Я никогда не был в восторге от творчества первого — вслед за Генычем. Но второй-то — опять же с подачи Геныча — был моим кумиром, особенно ранние произведения: «Парабола», «Мозаика», «Треугольная груша», «Антимиры». И — «Ахиллесово сердце» с поэмой «Оза» [«Аве, Оза./Ночь или жилье,/псы ли воют, слизывая слезы,/слушаю дыхание Твое./Аве Оза.../Не укоряю, что прошла./Благодарю, что проходила.]. Видимо, здесь один из примеров известного противостояния Геныча своему учителю. Были моменты, в которых они так и не сошлись. И «жесткие» педагогические приемы, которые с неким самодовольством описывает Михалыч, для сентиментального Геныча были категорически неприемлемы своей «жестокостью» и «бесчеловечностью».
Вот именно! Он и сам себя так написал!
Одна из наших семейных присказок. Странно, истории семей: моей и Михалыча – ну, настолько разные!.. А пословицы-поговорки общие. Как это? Просто мистика какая-то!
Еще одно общее словечко. Да, эвфемизм, конечно. Но, во-первых, у «Игры» не тот жанр, что у «Катарсиса», а во-вторых, порой эвфемизм (как и в данном случае) оказывается не менее вкусным, чем то, что «эвфемизируется».
Мы с Ланой постоянно на этом цапаемся: я тоже обожаю красивые слова, в частности – с подачи Михалыча (М. М. Бахтина) — именно «амбивалентность»…

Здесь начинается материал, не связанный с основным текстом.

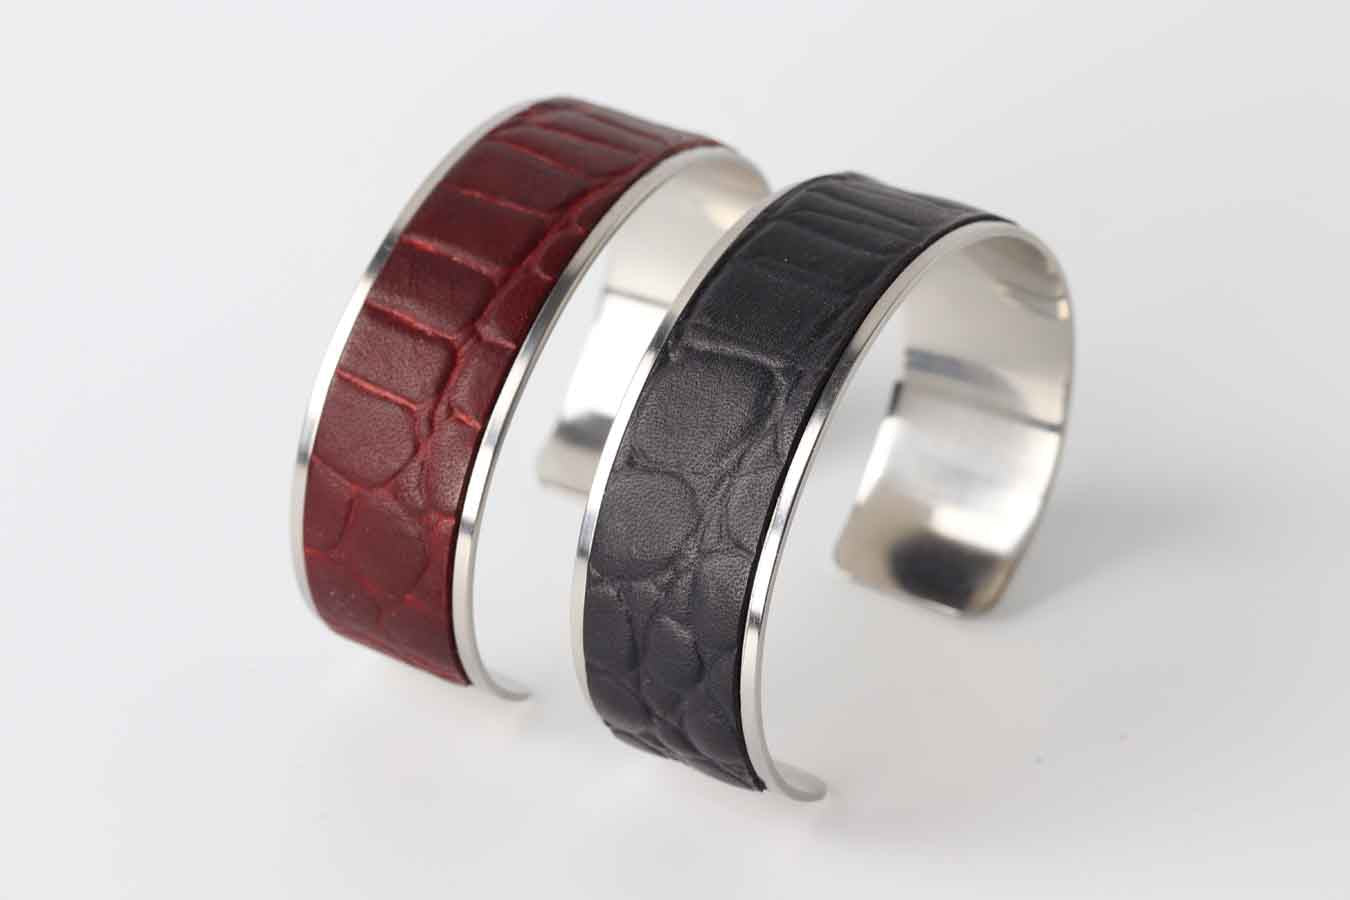 Cuff Bracelets with leather made from stainless steel with silver shine made by Kaseta
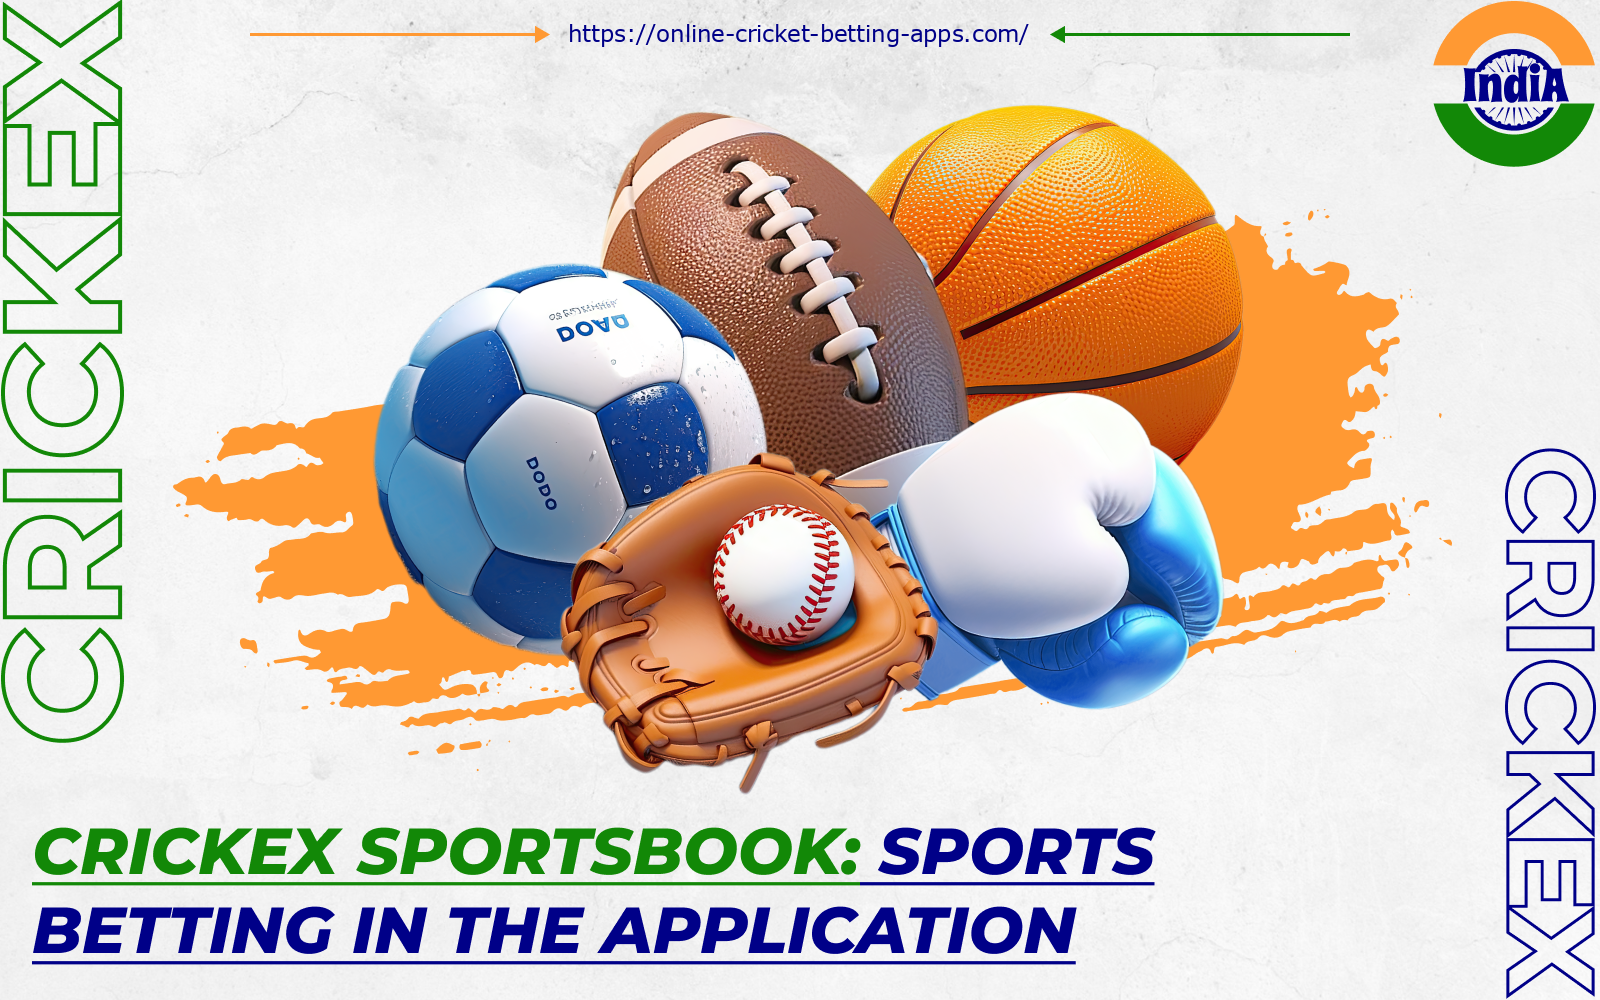 With the Crickex mobile app, players from India can bet on any popular match in no time at all

И, кажется, так и не рассказал. Возможно, поскольку книга осталась незавершенной. И не просто незавершенной, а не хватило времени на, возможно, самую важную часть. Я, правда, не собираюсь обучать режиссуре (хотя «Остров басен» все же появился). Но убежден в том, что современный актер (особенно актер французского театра, в котором традиционно режиссеры – это играющие актеры), это еще Сирота подчеркивала, должен быть думающим, а значит обязан знать хотя бы азы режиссуры.
Не знаю, писал ли Михалыч это объемистое предисловие последним, что-то сомневаюсь. Но то, что я предисловие к своей нетленке писал последним, это точно. Причем я в тот момент не помнил это изречение. Что касается театра, то это бывает по-разному. Как я уже говорил [действительно говорил], общий облик спектакля рождается то так, то эдак: то в виде изначального замысла, то возникает самостоятельно наподобие чеховских [МА] образов. А по поводу сдвига в воспоминаниях, который Михалыч не стал переписывать, то я поступаю примерно так же, из за чего в моих комментариях много повторов [в частности этот разговор о повторах]. Ну что ж, уважаемый читатель, ты можешь эти повторы просто пропускать.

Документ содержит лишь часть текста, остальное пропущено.